Illumina adapters were trimmed from reads.

Here: arg0 is substituted for a samples prefix arg1 represents the fastq for R1 of the paired end sequencing

We found that after removing adapters starting with "AGATCGGAAGAGC" we were still left with many reads with adapter starting with "CGGAAGAGCACAC". We also have many reads with "GGGGGGGGGGGGGGGGGGGGGG...", so we remove them too.
NOTE: make sure you adjust the -threads argument to trimmomatic to be compatible with your processor's number of threads.

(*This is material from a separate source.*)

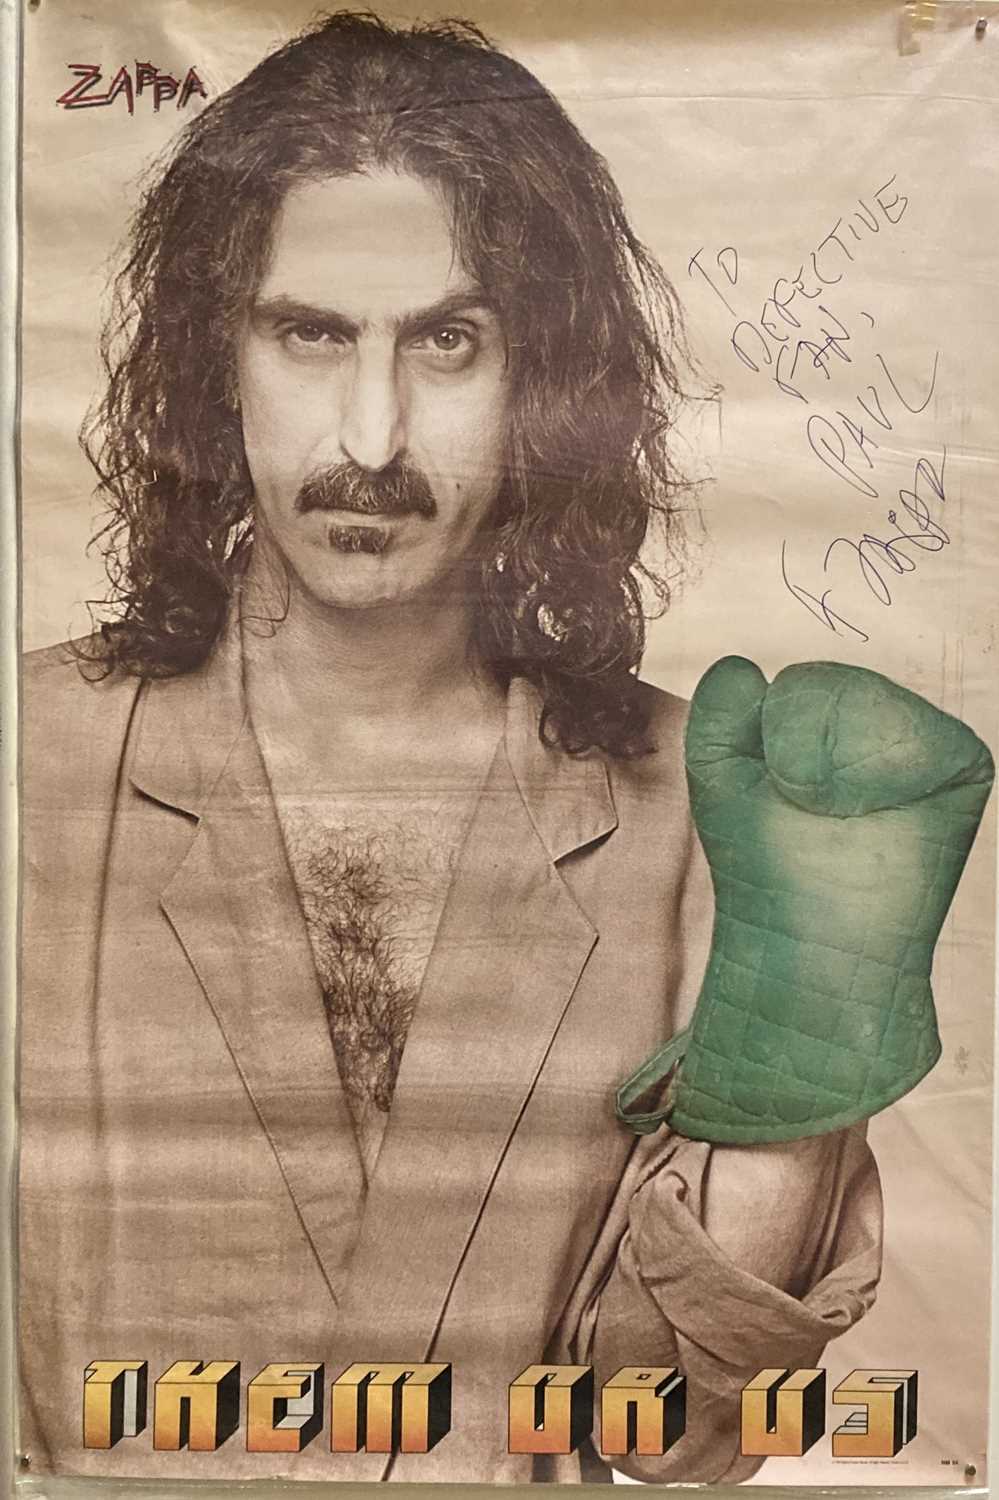 Lot 293 - FRANK ZAPPA SIGNED POSTER.

In each directy with concatenated reads, run:

cutadapt --quality-base=33 -a AGATCGGAAGAGC -a CGGAAGAGCACAC -a GGGGGGGGGGGGGGG -n 3 -m 20 --match-read-wildcards -o arg0_R1_trim_unpaired.fastq.gz arg1 > arg0_cutadapt.log 2> arg0_cutadapt.err

To QC trimmed files, in the directory with trimmed files, run:

mkdir fastqc_after
fastqc arg0_R1_trim_unpaired.fastq.gz -f fastq -o fastqc_after/

Change directories into the directory containing your concatenated reads, then run mkdir original_data, then run mv *.fastq.gz original_data to move your reads into the original_data folder.
Now run cd original_data to enter your data directory.
Now run:

mkdir fastqc_before
mkdir fastqc_after

You are now ready to do your QC of your reads.

fastqc arg1 -f fastq -o fastqc_before/
cutadapt --quality-base=33 -a AGATCGGAAGAGC -a CGGAAGAGCACAC -a GGGGGGGGGGGGGGG -n 3 -m 20 --mask-adapter --match-read-wildcards -o arg0_R1_cutadapt.fastq.gz arg1 > arg0_cutadapt.log 2> arg0_cutadapt.err
java -jar /path/to/trimmomatic-0.39.jar SE -threads 10 -phred33 arg0_R1_cutadapt.fastq.gz arg0_R1_trim_unpaired.fastq.gz TRAILING:3 SLIDINGWINDOW:4:15 MINLEN:20 > arg0_trim.log 2> arg0_trim.err
fastqc arg0_R1_trim_paired.fastq.gz -f fastq -o fastqc_after/

HINT: you can loop through your sample directories.
For example:

for dir in Sample_*; do (cd $dir; cd original_data &&  echo $dir"_all_R1.fastq.gz"; cutadapt --quality-base=33 -a AGATCGGAAGAGC -a CGGAAGAGCACAC -a GGGGGGGGGGGGGGG -n 3 -m 20 --mask-adapter --match-read-wildcards -o $dir"_R1_cutadapt.fastq.gz" $dir"_all_R1.fastq.gz" > $dir"_cutadapt.log" 2> $dir"_cutadapt.err"); done)

In the above line of code, each time through the loop, the directory's name is prepended to your read file suffix using $dir.
The echo $dir"_all_R1.fastq.gz" just serves the role of reporting to you which file your loop is working on at a given moment.
This is useful, since it lets you know your loop isn't just doing nothing.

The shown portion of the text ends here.